The full listing is to be transcribed exactly, with each picture left out.
[[ Supplied information open ]]
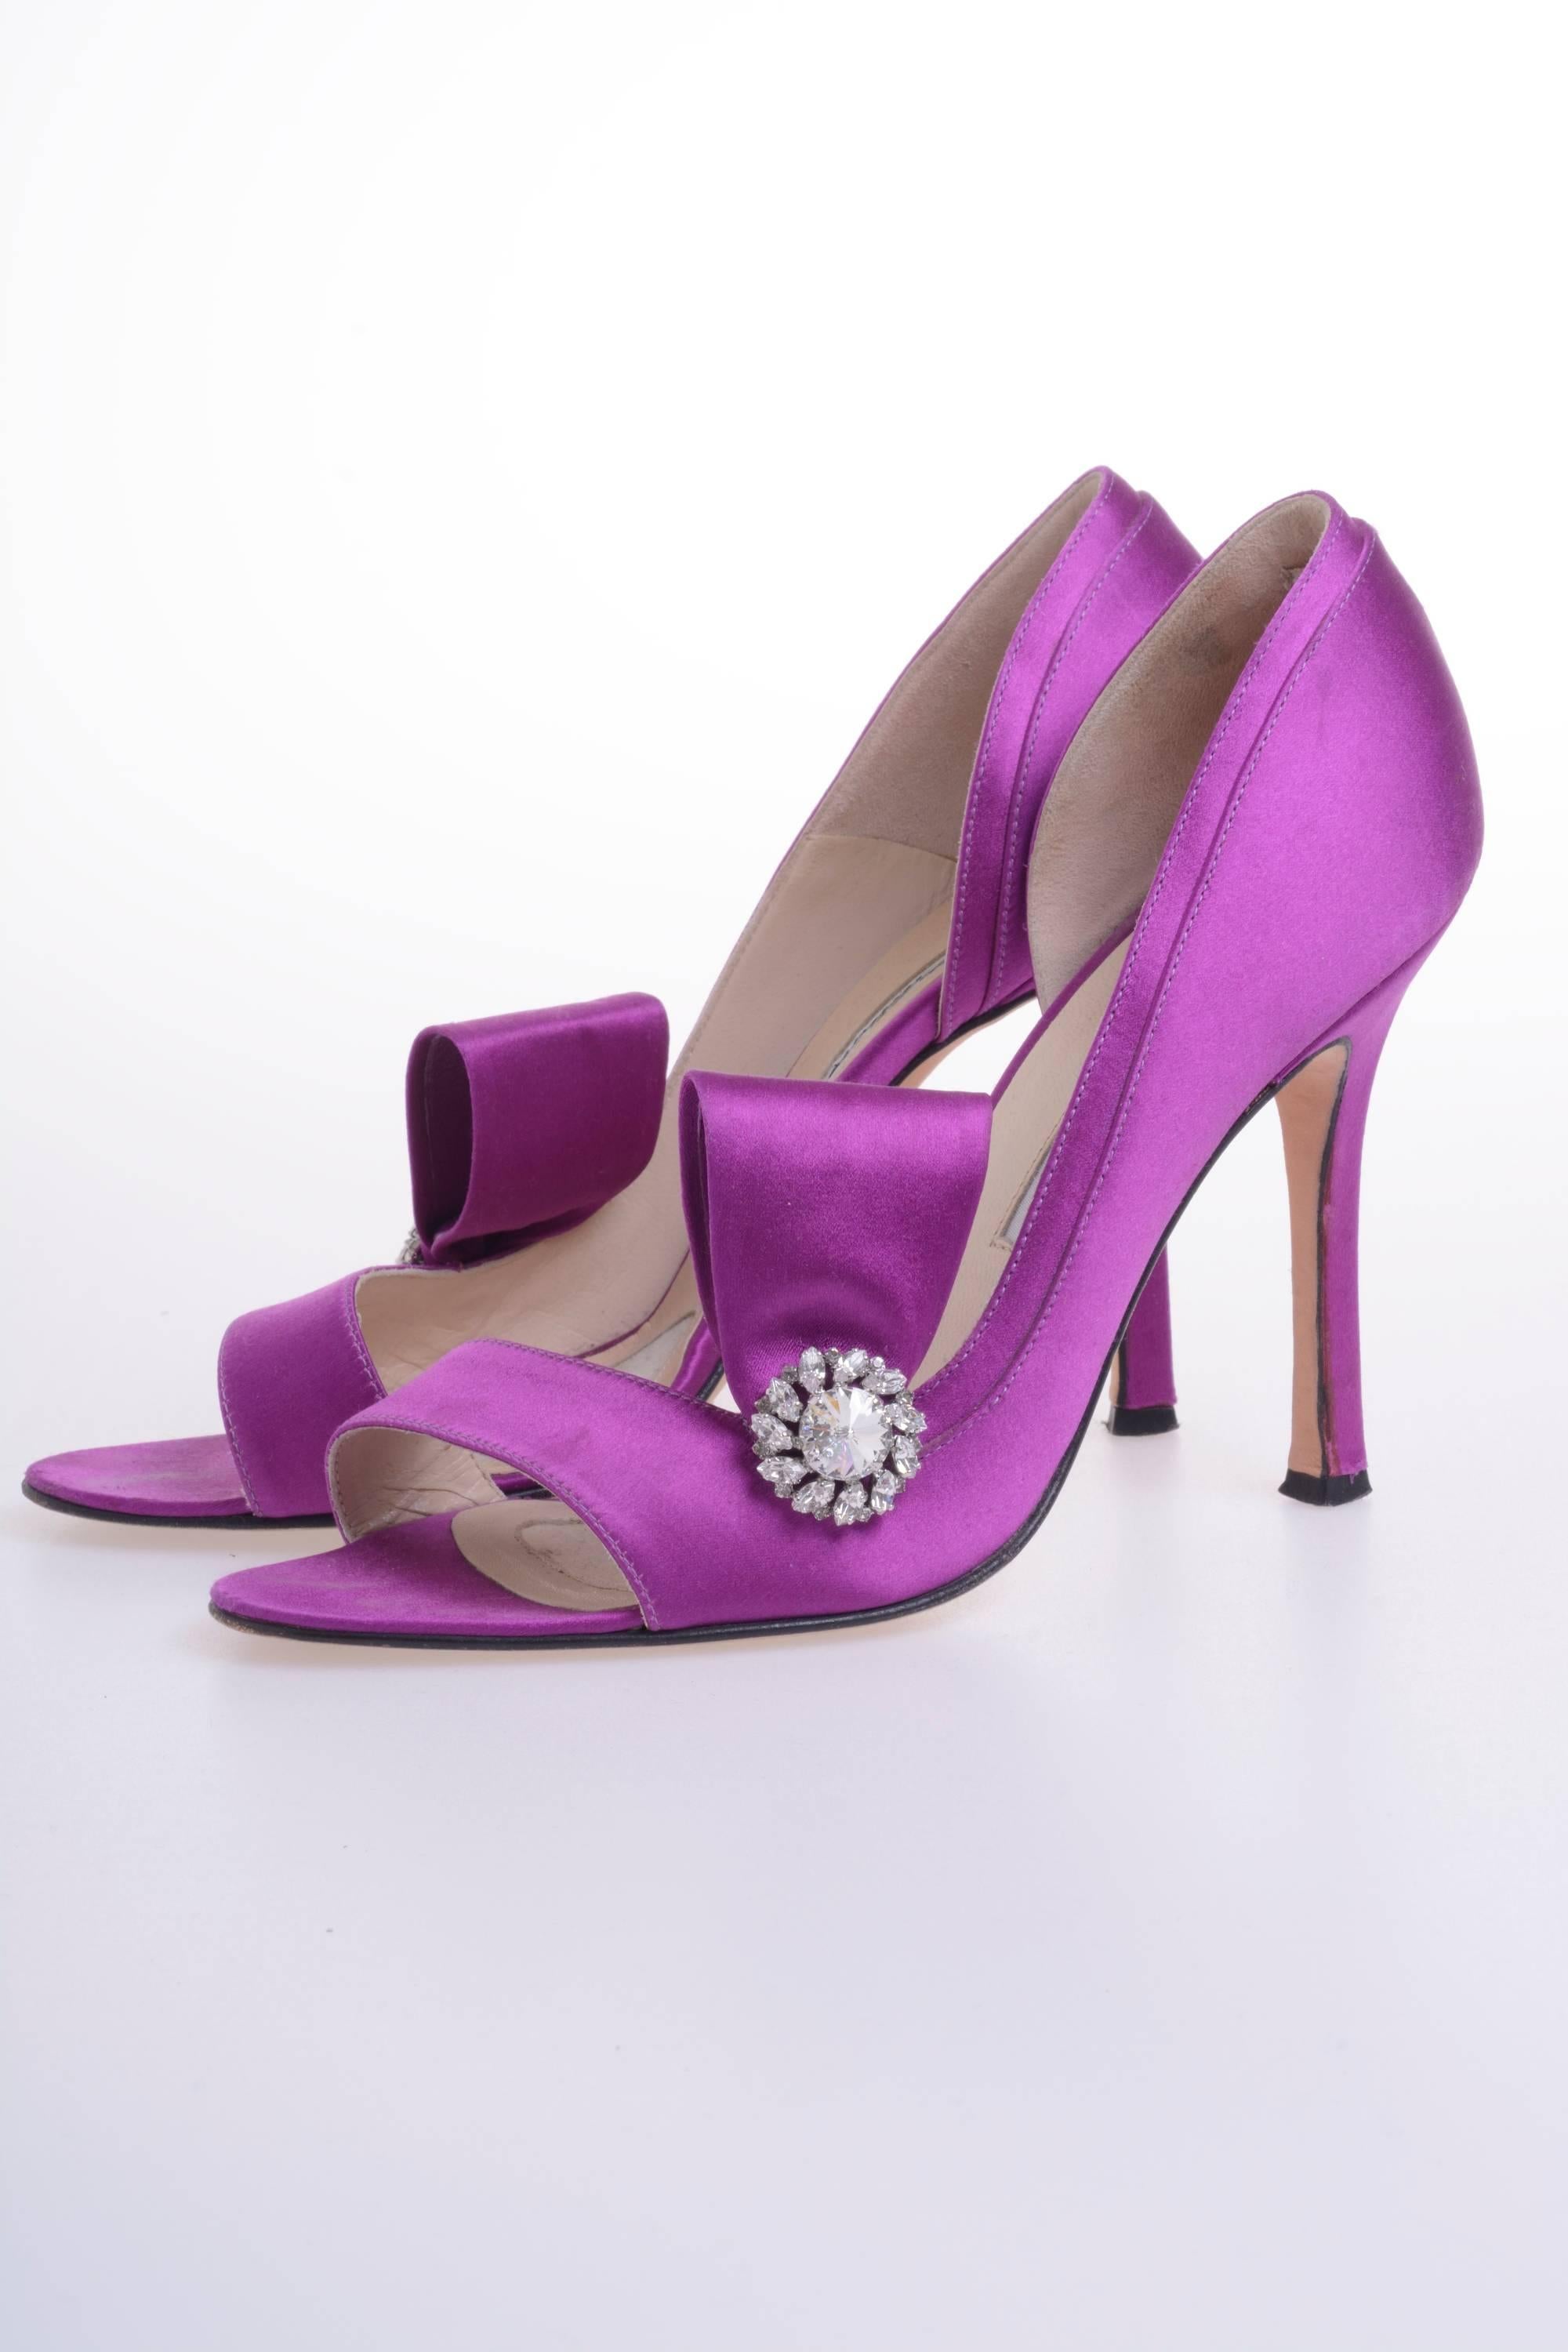 BRIAN ATWOOD d'Orsay pump shoes in purple satin, almond toe, stiletto heel, leather insole, with a frontal bow and decorated with a floral detail in a round brilliant and marquise crystals. Made in Italy.

Excellent condition 

Label on outsole:
[[ Supplied information closed ]]
Answer for the task:
 BRIAN ATWOOD d'Orsay pump shoes in purple satin, almond toe, stiletto heel, leather insole, with a frontal bow and decorated with a floral detail in a round brilliant and marquise crystals. Made in Italy.

Excellent condition 

Label on outsole:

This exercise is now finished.